Turkey, along with Pakistan, Malaysia, Iran and Qatar also tried to create an alternative to the Saudi-dominated Organisation of Islamic Cooperation (OIC) by holding an Islamic summit in Kuala Lumpur in 2019. This angered Riyadh which then pressured Pakistan to opt-out of the summit. Erdogan, Mahathir Mohammad, Hassan Rouhani and Qatar ’s Hamad al-Thani participated in the conference. There is a feeling, especially in Turkey and Pakistan, that most of the Arab peninsula monarchs have abandoned the cause of Ummah, especially Palestine and Kashmir.
The Ummah revival, even if it is for geopolitical gains, is quite unrealistic for Turkey as it has problems with many regional Islamic states. Erdogan’s quest for control of Mosul is driving a wedge between Turkey and Iran. Iran also backs the Bashar al-Assad regime in Syria which has been fighting with Turkey in the north-western areas.
The AKP once used to say that ‘Erdogan is Ummah’s dream come true’ but with all the regional rivalries that Turkey has been involved in within the Islamic world, it still seems to be a distant dream.
There are significant limitations and vulnerabilities in Erdogan pursuing his Islamist approach to statecraft abroad. The Turkish economy has been on a freefall as the value of the Lira tumbled to a record low at 8.0 per dollar in October 2020.20 Even as Turkey registered a 6.7 per cent positive growth in the period July-September 2020, the Turkish economy may be impacted in the medium-to-long term due to high inflation.21 Erdogan ’s domestic political problems may worsen if the economy underperforms.
If the high inflation rates sustain for much longer, it may affect the AKP’s core voter base, which is mostly rural and conservative. Erdogan is feeling the heat domestically as the opposition CHP is cornering him on economic issues. The CHP won the crucial Istanbul mayoral election in 2019 which the AKP has held for more than a decade.
If the economy doesn’t recover fully and the opposition’s attack on him sustains till the 2023 presidential elections, Erdogan may face huge anti-incumbency. Sanctions imposed under the Countering America’s Adversaries through Sanctions Act (CAATSA) by the Trump administration has made matters worse and even added to the infighting within the AKP ranks.22
Erdogan ’s Islamist foreign policy will be even more threatened if the Biden administration imposes additional sanctions.23 The European Union is exasperated over Turkey ’s meddling in the Eastern Mediterranean against Greece and Cyprus.24 Biden may plan on keeping US boots in Syria and Erdogan fears that the new US president may be sympathetic towards the Kurdish aspirations.25 Ahead of the US 2020 elections, Biden even went to the extent of saying he would support the opposition leadership in Turkey.26
With the threat of facing complete isolation from the West, especially Europe and the US, Erdogan seems to be trying to mend relations with them. While addressing his party congress on November 21, 2020, Erdogan asserted that his government envisages ‘building our future together with Europe.’ Recently, an Ambassador was appointed to Israel after nearly 2 years.27
Post the imposition of CAATSA sanctions, Russia has stood by Turkey, despite diverging positions on Syria and Libya.
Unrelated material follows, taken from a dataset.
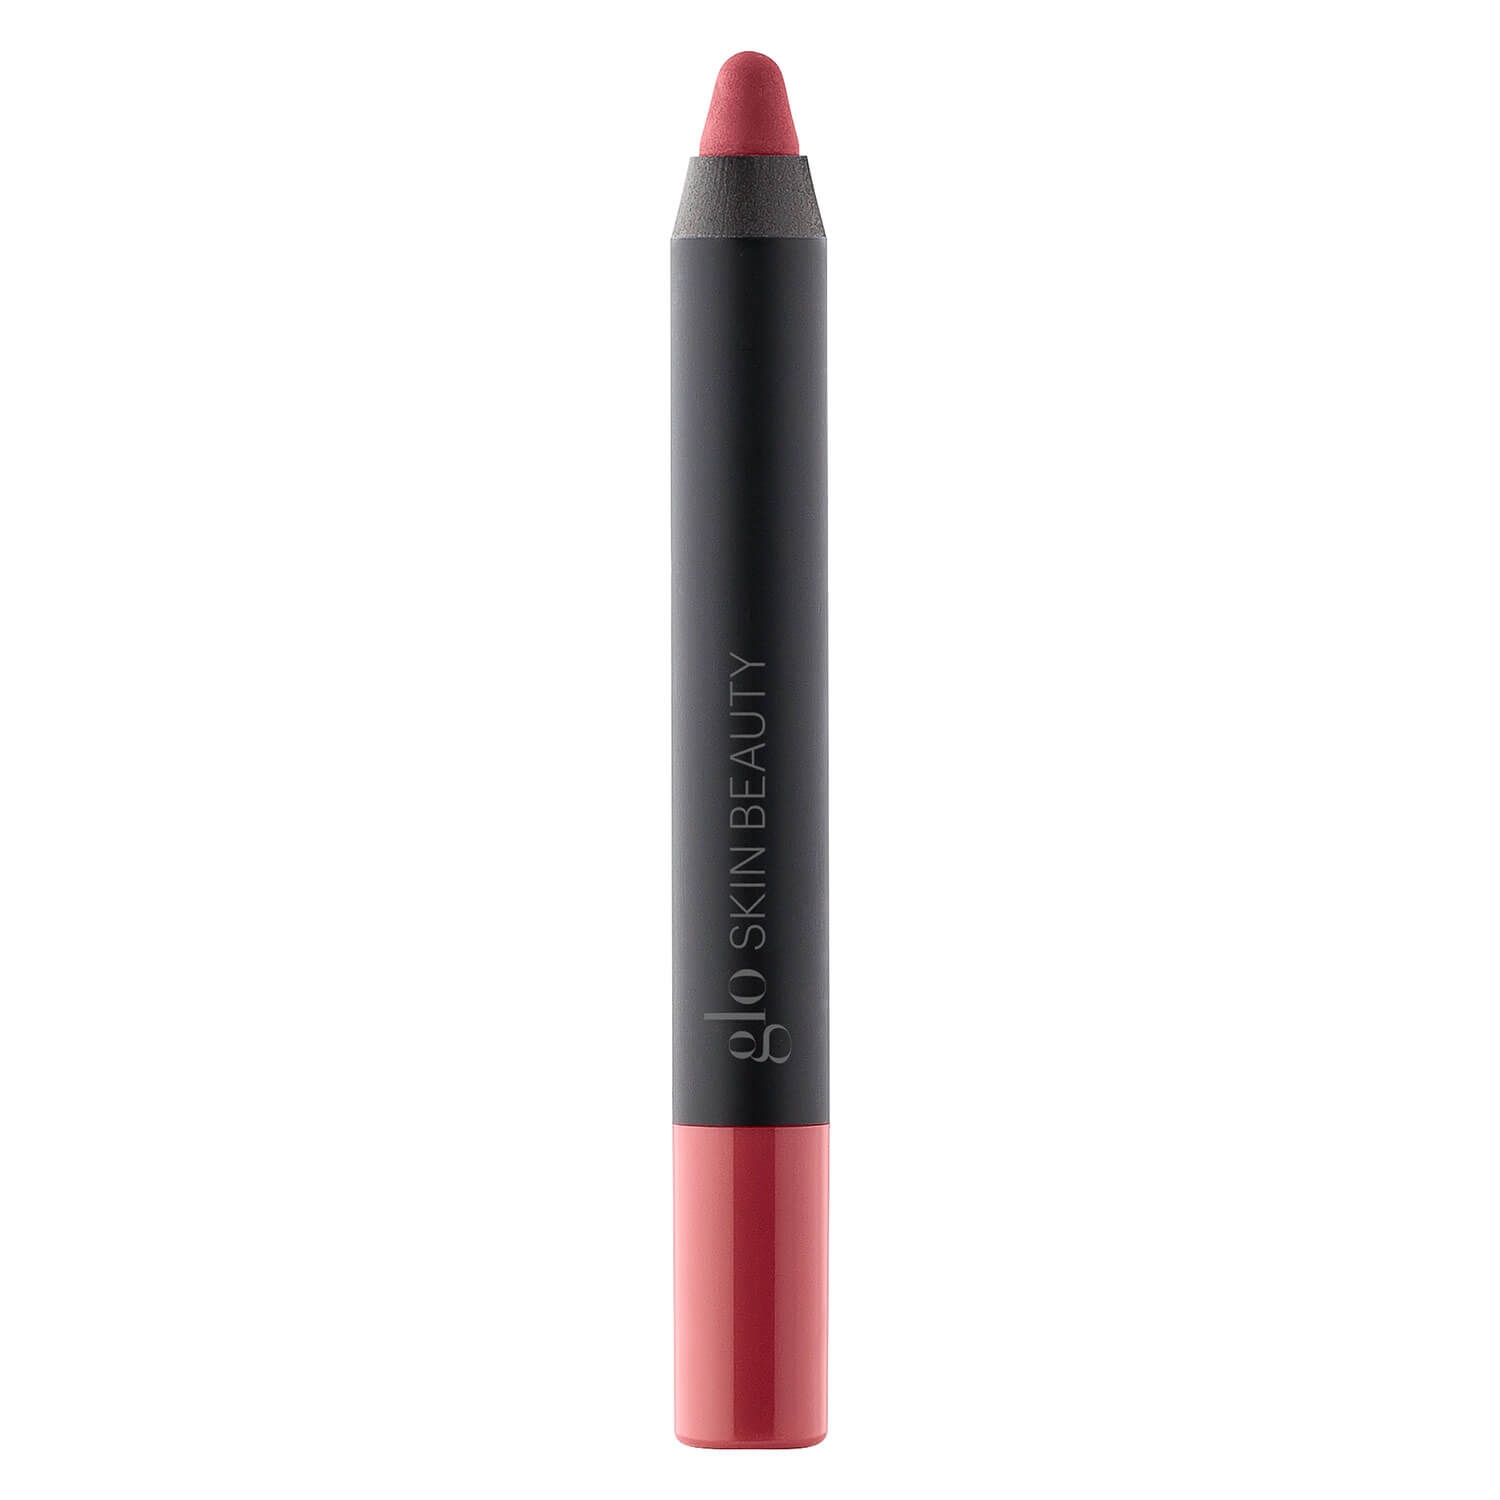 Produktbild von Glo Skin Beauty Lip Pencil - Suede Matte Crayon Demure

Russian Foreign Minister Sergey Lavrov has clarified that Turkey is not a strategic ally but just a close partner with opposing views on regional conflicts.28 Turkey and Greece, meanwhile, have already resumed dialogue on the Mediterranean crisis.
Even as he continues to work towards reviving the old Ottoman glory and ‘Ittihad-I Islam’ (‘Unity of Islam’), Erdogan will have to choose between a pragmatic vis-à-vis an Islamist foreign policy. If the Turkish economy returns to high growth rates, Erdogan’s domestic position will be strengthened and he might still return to his pet Islamist adventures overseas.
Views expressed are of the author and do not necessarily reflect the views of the Manohar Parrikar IDSA or of the Government of India.